Power grid IR drop must stay below 5–10% of VDD. Electromigration checks ensure metal/via current density is within limits for 10+ year lifetime.

FAQ

The physical design flow converts a synthesized netlist into a manufacturable GDSII layout. The main stages are: floorplanning, power planning, placement, clock tree synthesis (CTS), routing, and sign-off verification (DRC, LVS, STA, IR drop). Modern PD tools run these stages iteratively with timing feedback.

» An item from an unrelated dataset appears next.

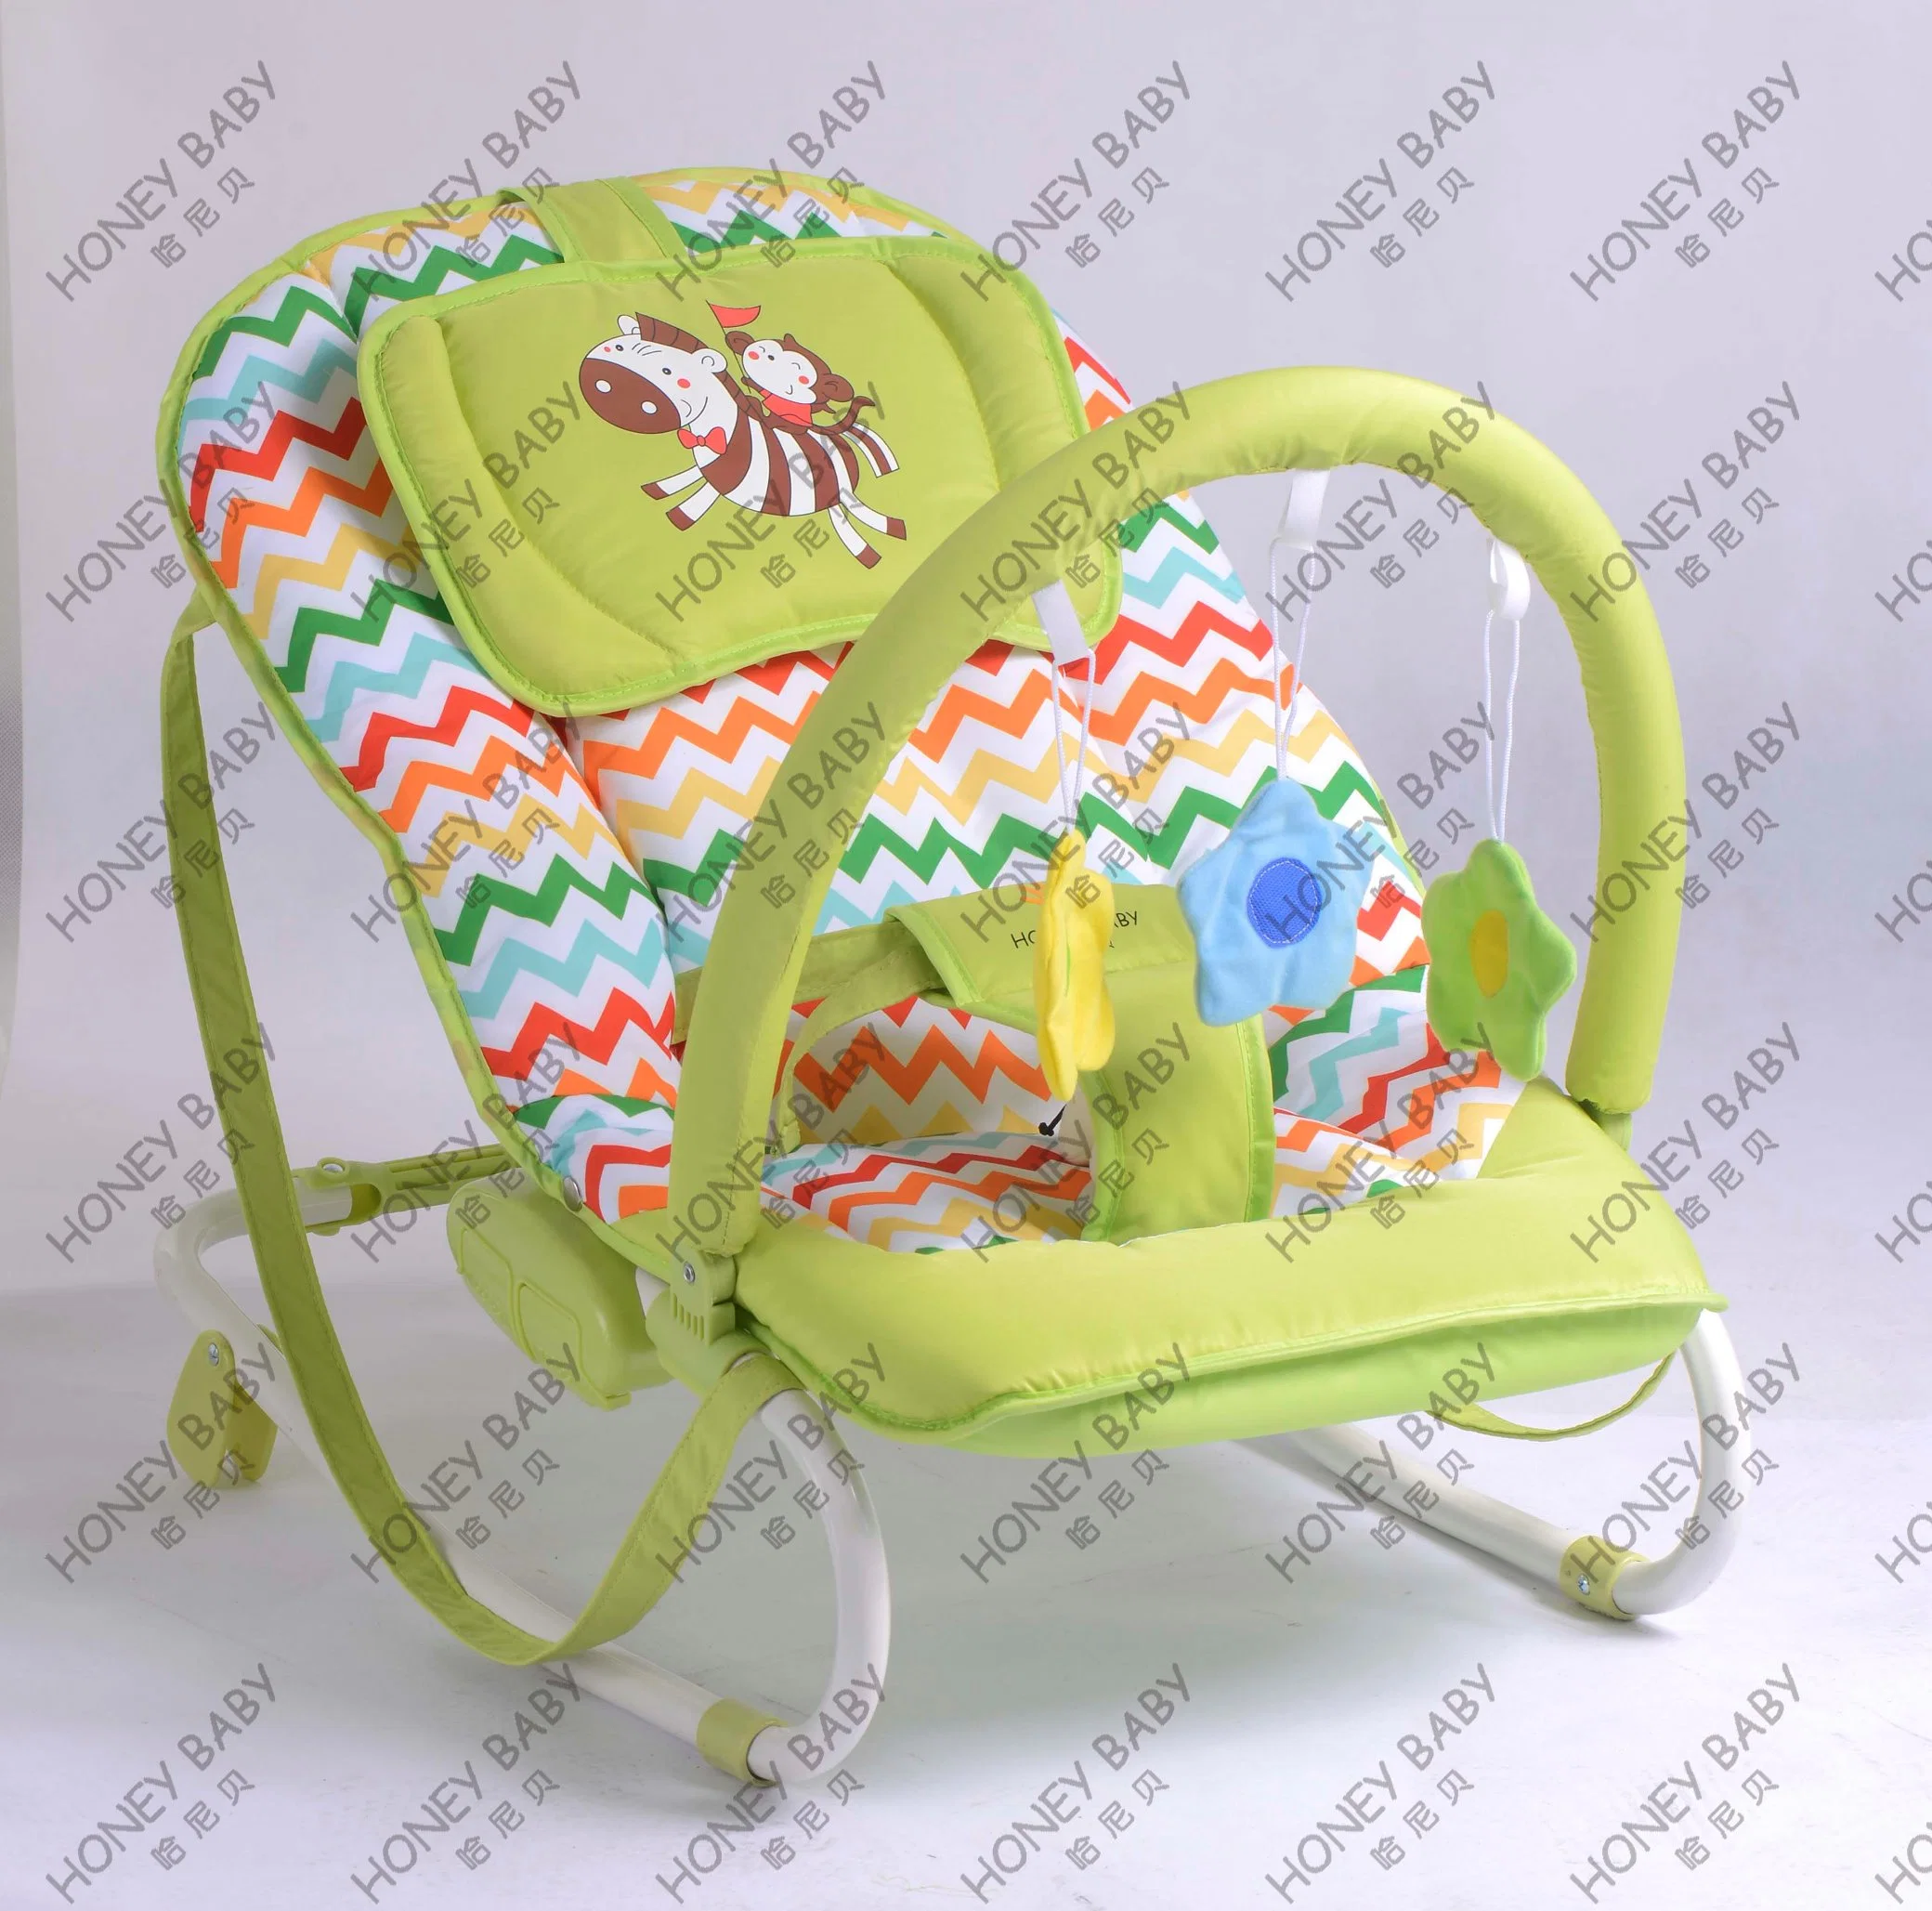 Wholesale/Supplier Bouncer Chair Manufacturer Cheap New Born Infant and Washable Seat Pad Kid Baby Swing Rockerproduct Namebaby Bouncersize60 (L) *44 (W) * 50 (H) Cm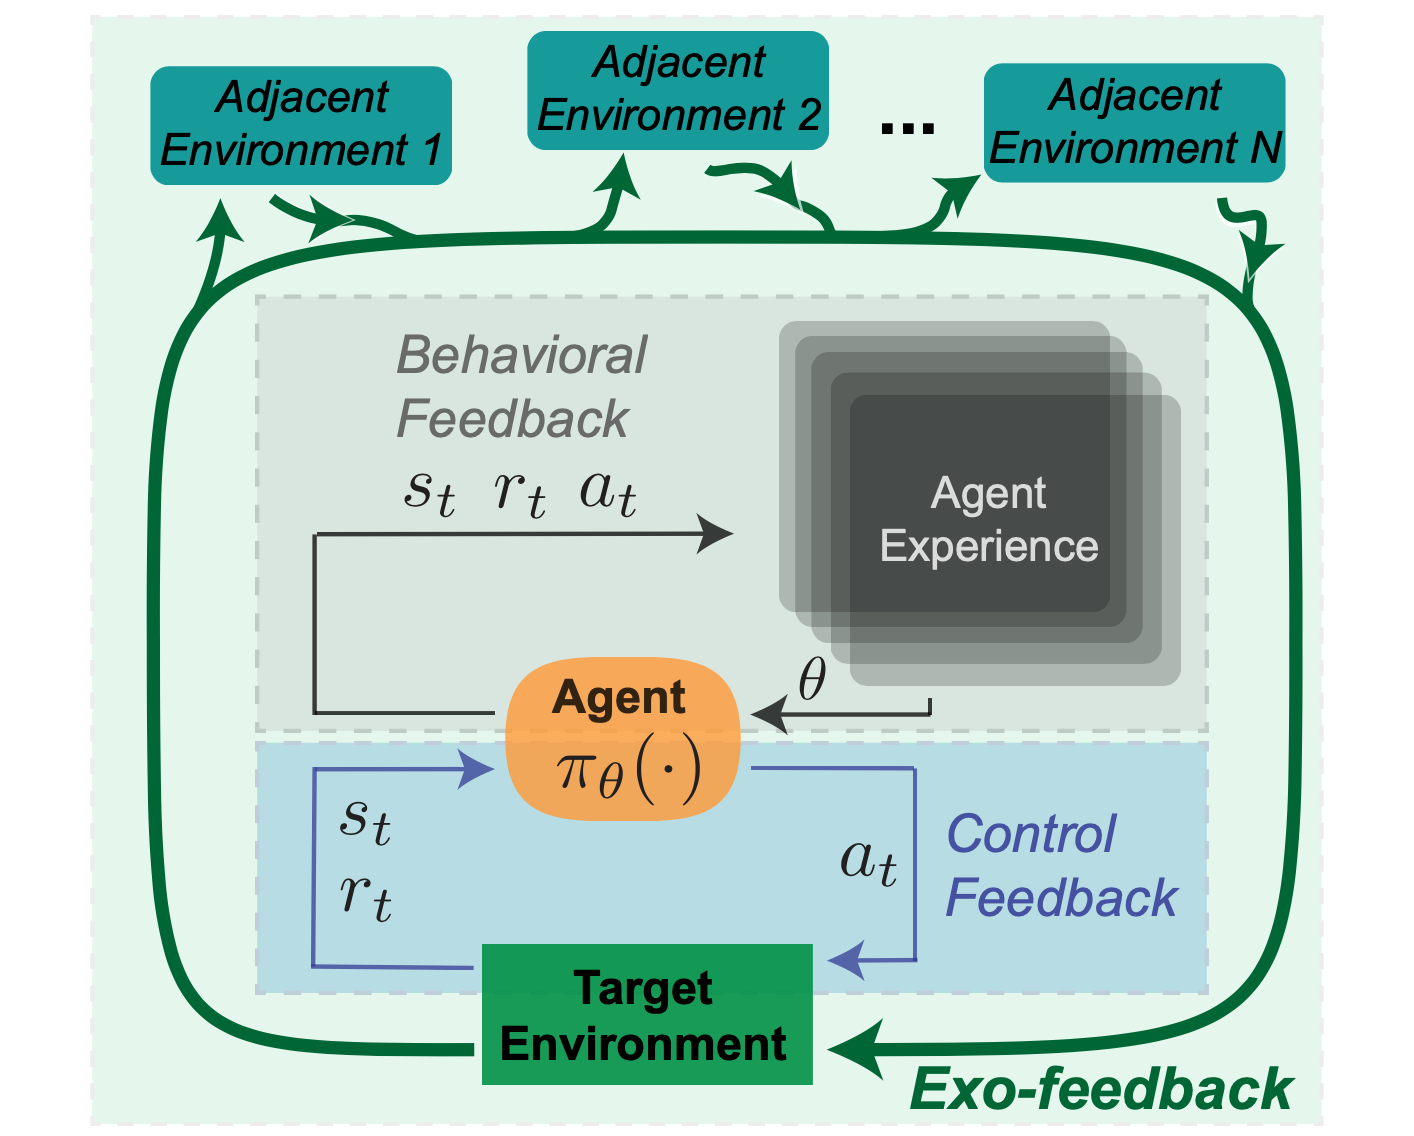 Designing Societally Beneficial Reinforcement Learning Systems

CTS distributes the clock from its source (PLL or clock port) to all flip-flop clock pins with balanced delay and minimal skew. The tool inserts clock buffers and inverters along tree branches, targeting zero skew and bounded latency. Common topologies include H-tree (equal-length branches) and fishbone networks for irregular floorplans.
Clock skew is the difference in clock arrival time between two flip-flops. Positive skew (capturing FF gets clock later) relaxes hold but tightens setup. Negative skew helps hold but worsens setup. Excessive skew reduces the effective clock period available for data propagation, making timing closure harder.
DRC (Design Rule Check) verifies the layout geometry satisfies foundry process design rules — minimum spacing, width, enclosure, and density. LVS (Layout vs. Schematic) verifies the layout connectivity and device parameters match the post-place-and-route netlist. Both must pass with zero violations before tape-out.